Reference numeral 202 denotes a modem. The modem 202 functions as an interface between the personal computer 201 and a PHS terminal (a PS apparatus for PHS) 203.
More specifically, the modem 202 converts received signals (analog signals) from the PHS terminal 203 into digital signals at 1200 bps and transfers them to the personal computer 201, or converts transmission signals (digital signals at 1200 bps) from the personal computer 201 into analog signals and transfers them to the PHS terminal 203.
Further, reference numeral 206 denotes also a modem. The modem 206 functions as an interface between the personal computer 207 and a switching system 205.
More specifically, the modem 206 converts received signals (analog signals) from the switching system 205 into digital signals at 1200 bps and transfers them to the personal computer 207, or converts transmission signals (digital signals at 1200 bps) from the personal computer 207 and transfers them to the switching system 205.

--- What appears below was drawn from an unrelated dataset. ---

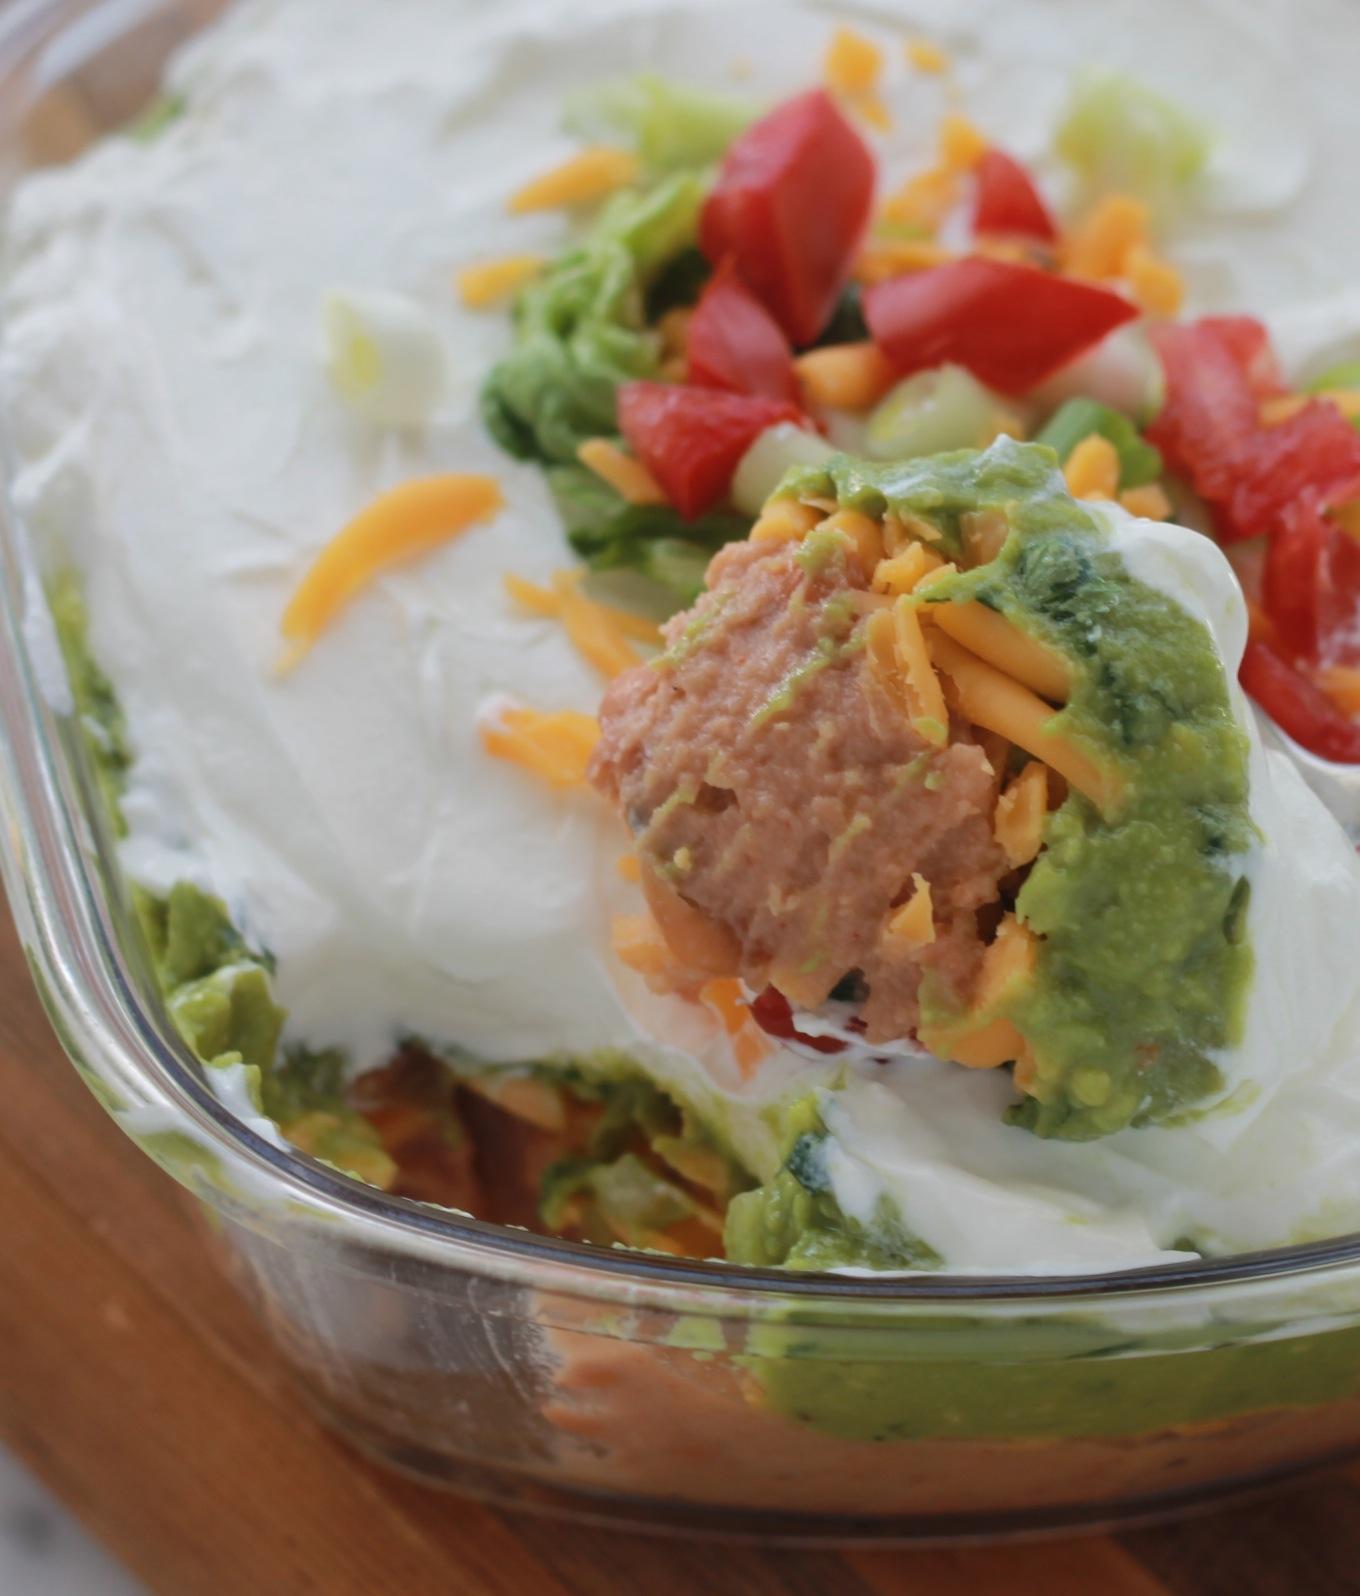 La recette de la trempette mexicaine, pleine de saveurs et rapide à faire. Pour un anniversaire, un apéro dînatoire ou pour des invités de dernière minute.

The PHS terminal 203 is accommodated in a PHS base station 204 described later via a radio line 208, and has a function as a terminal being capable of implementing normal voice communication. On the other hand, when used for data communication by the personal computer 201, the PHS terminal 203 transmits and receives data signal information by analog signals to and from the modem 202.
The PHS terminal 203 has, in detail, an amplifying unit 203a, a PCM (PCM, Pulse-Code Modulation) processing unit 203b, an ADPCM (ADPCM, Adaptive Differential Pulse-Code Modulation) processing unit 203c and a transmitting/receiving unit (RF) 203d. These will be described below, focused on their functions used upon data communication.
The amplifying unit 203a amplifies analog signals from the modem 202 and outputs them, besides amplifying analog signals from the PCM processing unit 203b.
If the PHS terminal 203 functions as a terminal being capable of implementing normal voice communication, the amplifying unit 203a amplifies transmission analog voice signals inputted through a microphone not shown, besides regenerating voice data from a speaker not shown by amplifying received analog voice signals.
The PCM processing unit 203b converts PCM coded signals at a transmission speed of 64 kbps into analog signals which should be outputted to the modem 202, or converts analog signals from the modem 202 into PCM coded signals at a transmission speed of 64 kbps.
The ADPCM processing unit 203c compresses PCM coded signals at a transmission speed of 64 kbps from the PCM processing unit 203b into signals at a transmission speed of 32 kbps in synchronization with the radio line 208, or expands signals at a transmission speed of 32 kbps from the transmitting/receiving unit 203d into signals at 64 kbps.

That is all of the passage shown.